Things Every Python Programmer Should Know but Generally Don't

Python is a really great programming language, and one of the many reasons for its success is a simple, easy-to-understand syntax. That being said, there are some things that can trip up beginners (and which have tripped me up before). There are also a few little known features that turn out to be rather useful. I am attempting to document some of the common pitfalls and esoteric-but-useful features here.

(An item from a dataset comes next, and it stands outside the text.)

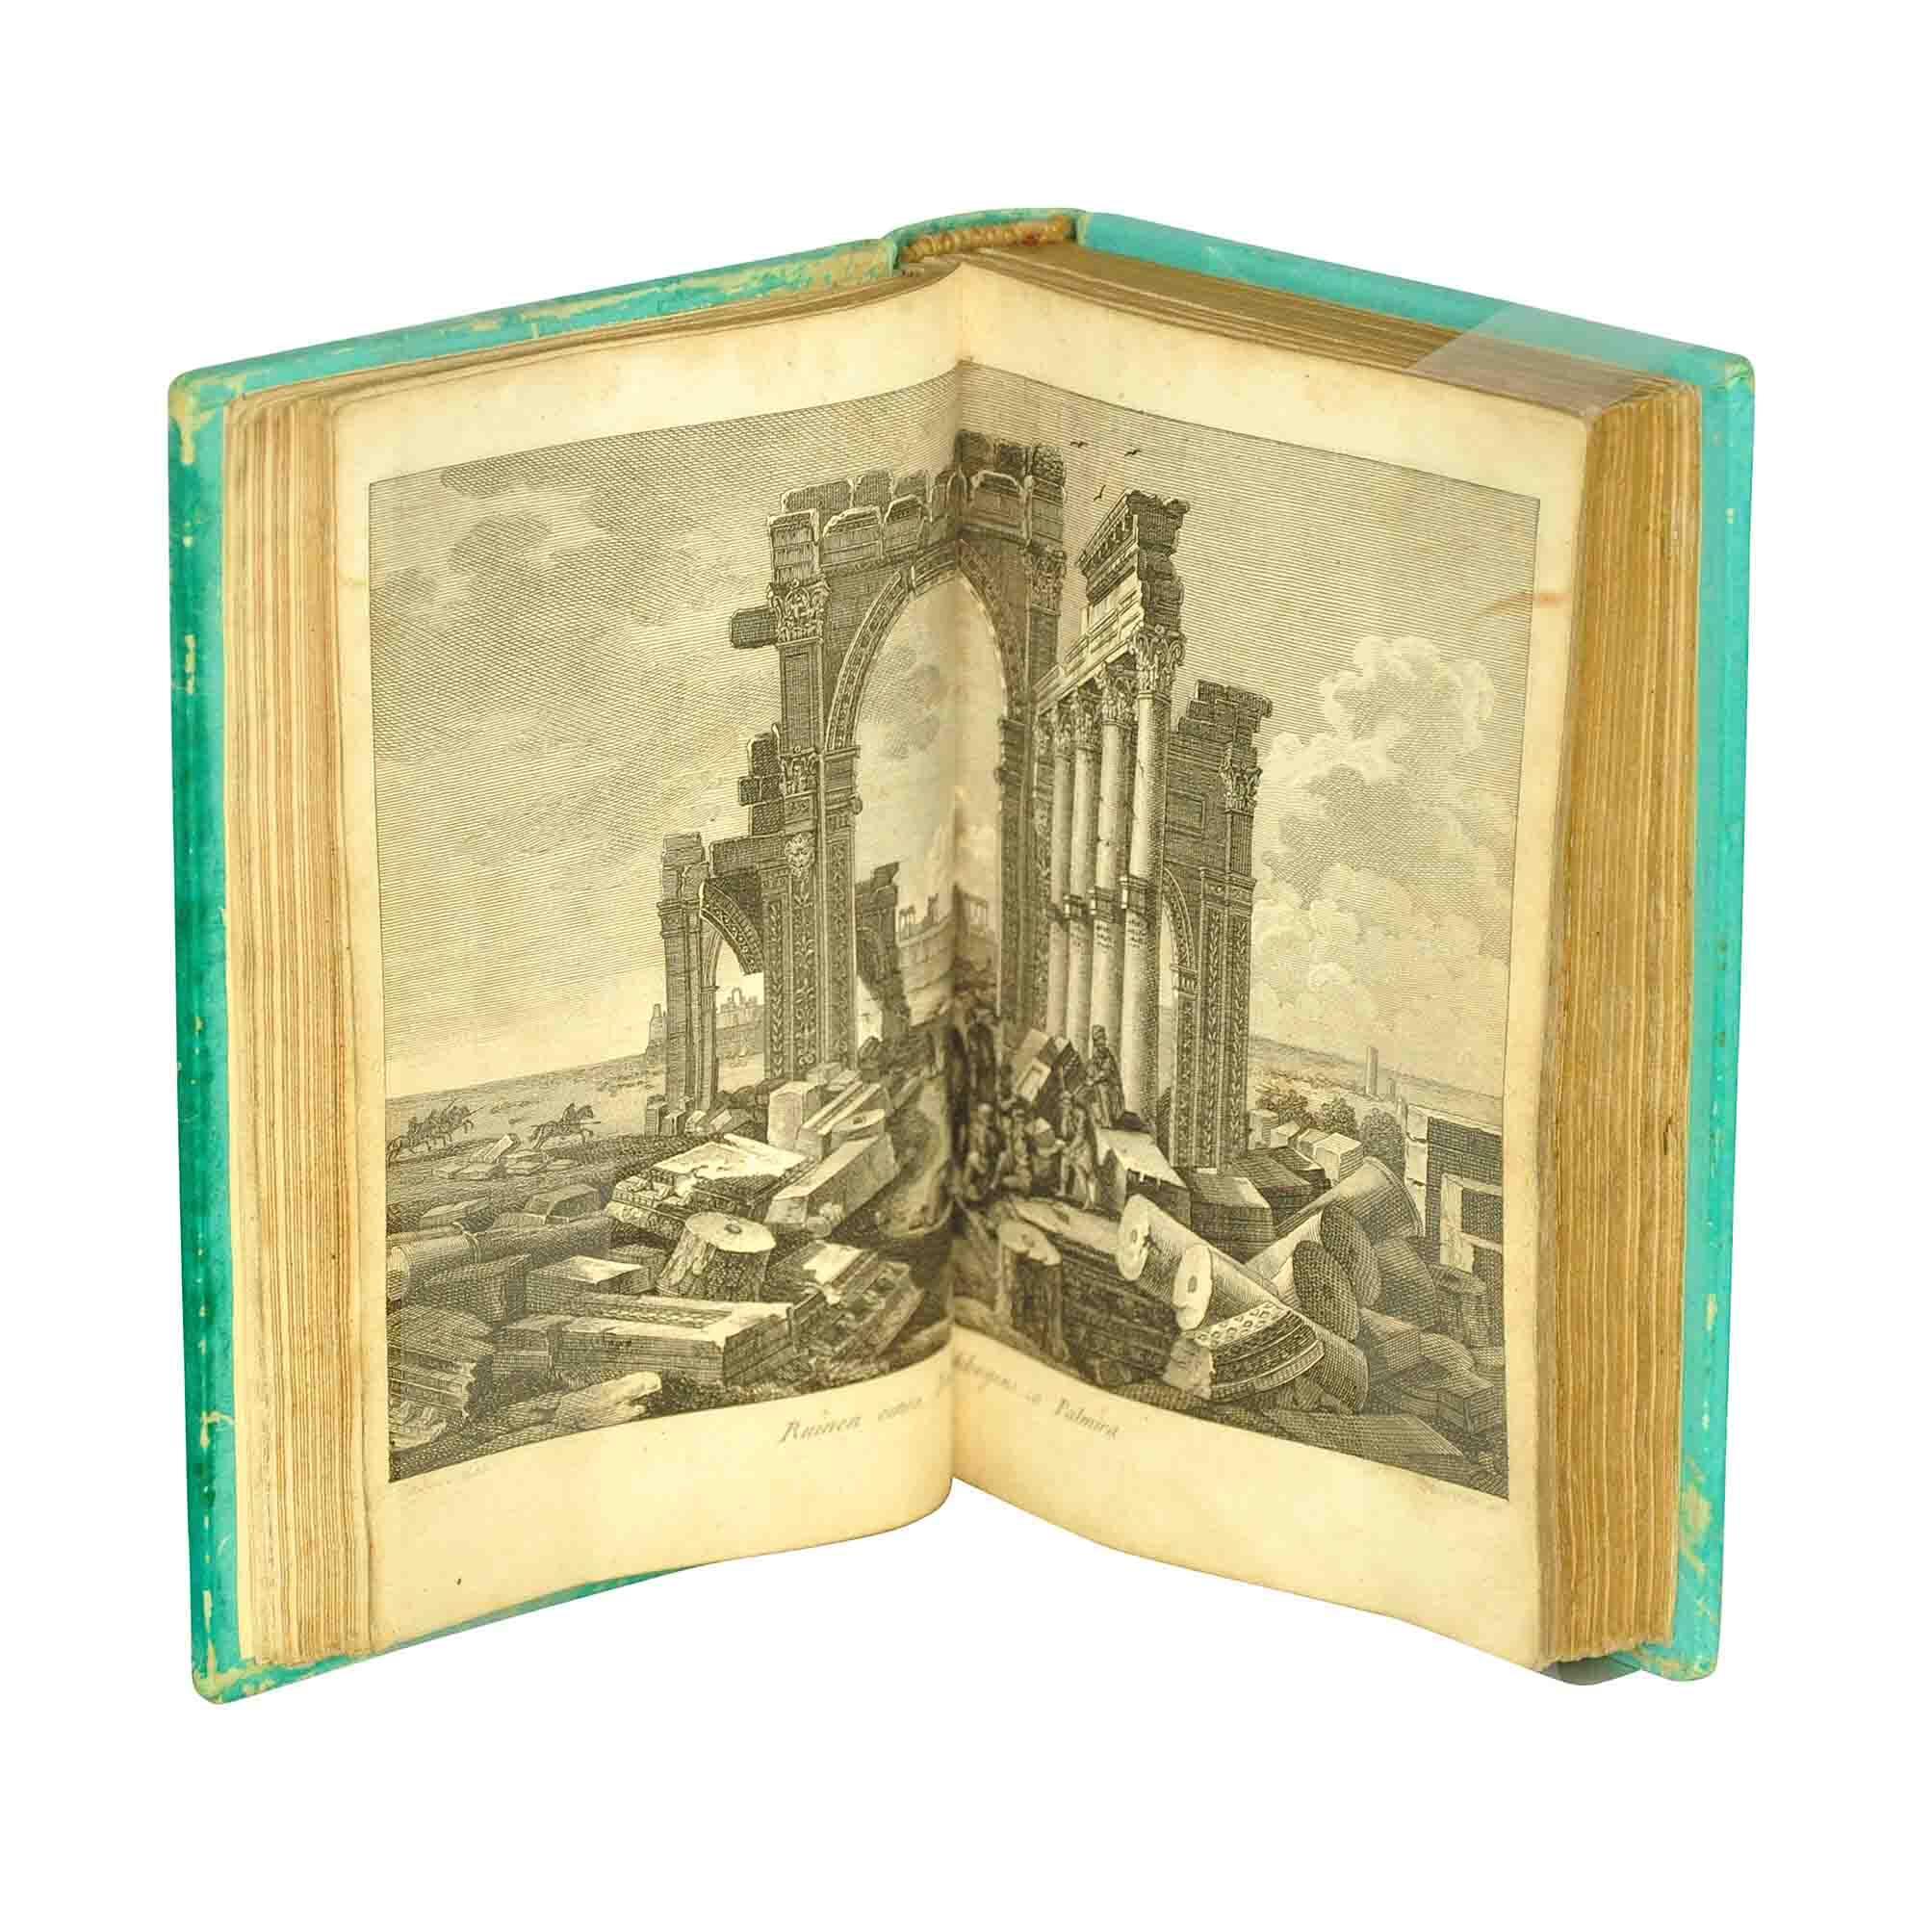 5472 Wiener Taschenbuch 1804 Palmyra Plate Palmyra A N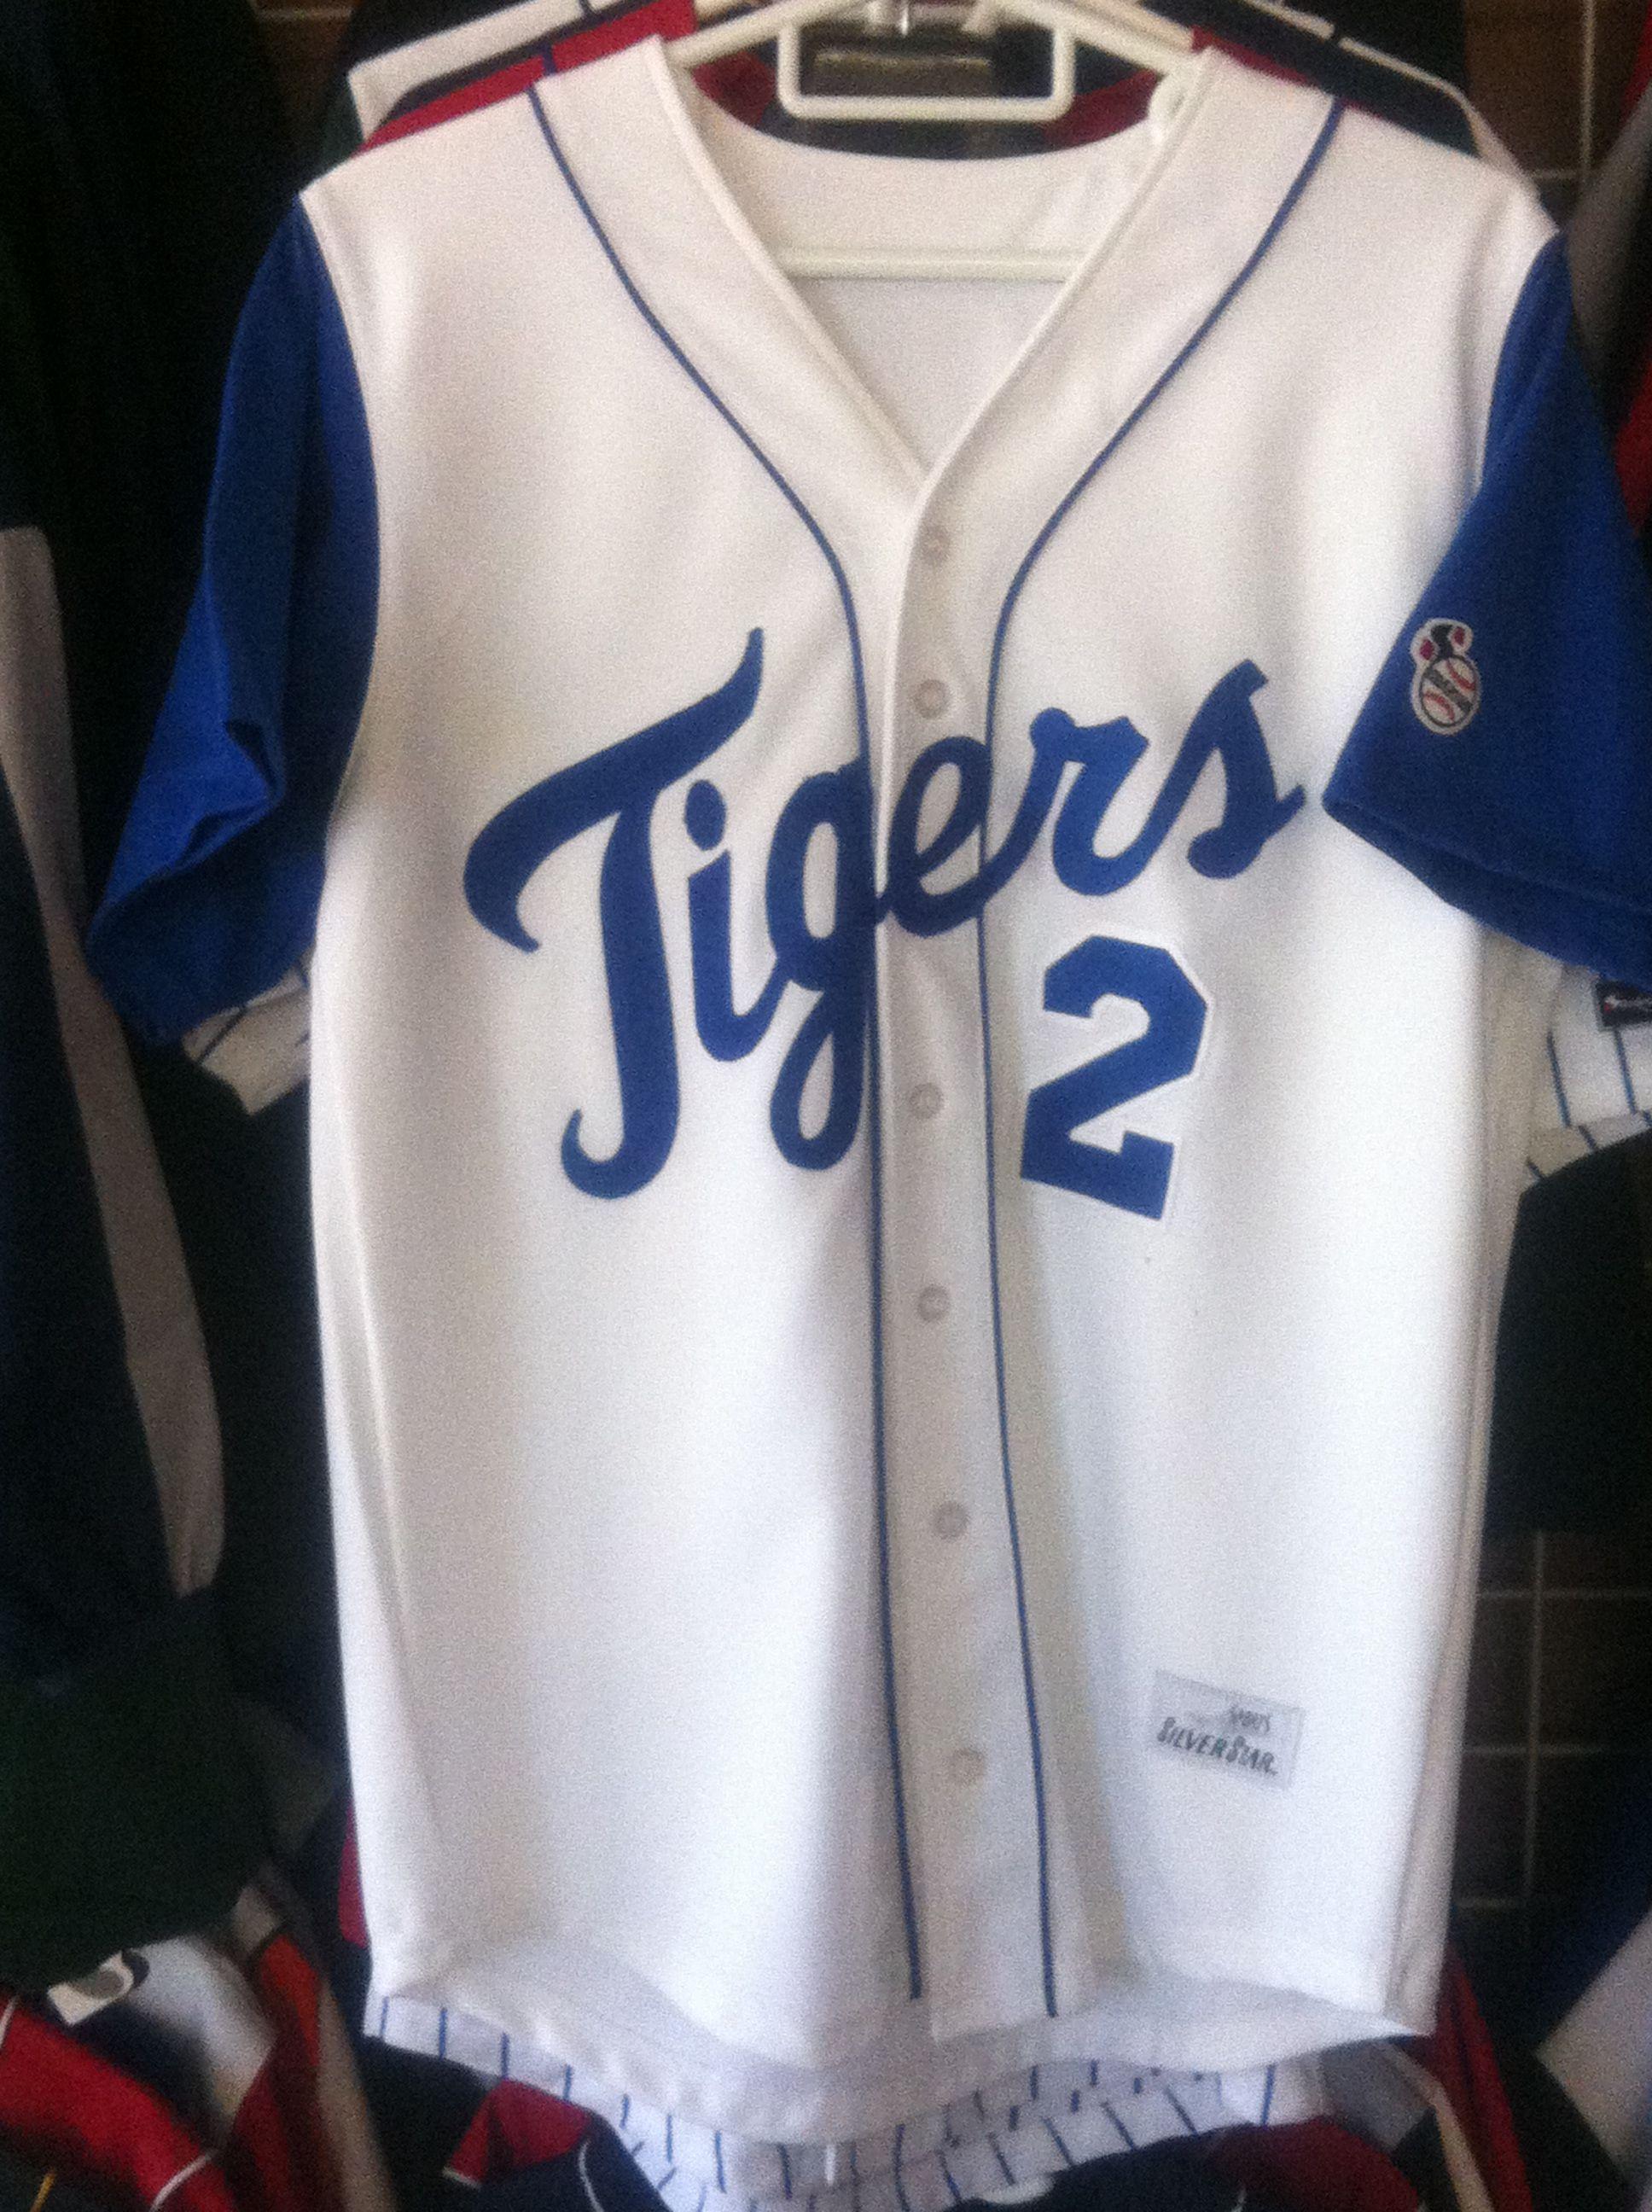 Tigers baseball uniforms We make custom baseball uniforms www ...

Efficient String Concatenation

Because Python uses immutable strings, concatenating two strings involves a bit of overhead (as a new str object must be allocated each time), which means that performing concatenations using the most obvious method will lead to rather poor performance. For my example, let us assume we have a generator method genstr which takes as input an integer n and yields a random string on each iteration, stopping after n number of iterations. How would one concatenate the results of genstr. The most obvious way would be like so.

mystr = ''
for randstr in genstr(n):
    mystr += randstr

But this is very inefficient for the reason that a new string has to be created and assigned to mystr on each loop. What is the most efficient method of concatenation? List comprehension.

mystr = ''.join([s for s in genstr(n)])
# or alternatively
mystr = ''.join(s for s in genstr(n))

The second is actually a generator comprehension, not a list comprehension. They are more memory efficient (as you don’t have to pre-allocate the entire list), but are slower than list comprehensions in Python 2.x (they have comparable speed in Python 3). Of course, sometimes, performing a list comprehension is not ideal, because your inner loop might be slightly more complicated than just returning the yielded value. In that case, the next best way is to use a StringIO object, like so.

import io

sio = io.StringIO()

for randstr in gen(n):
    sio.write(randstr)

mystr = sio.getvalue()

Attribution - this information was taken from an article written by Oliver Crow.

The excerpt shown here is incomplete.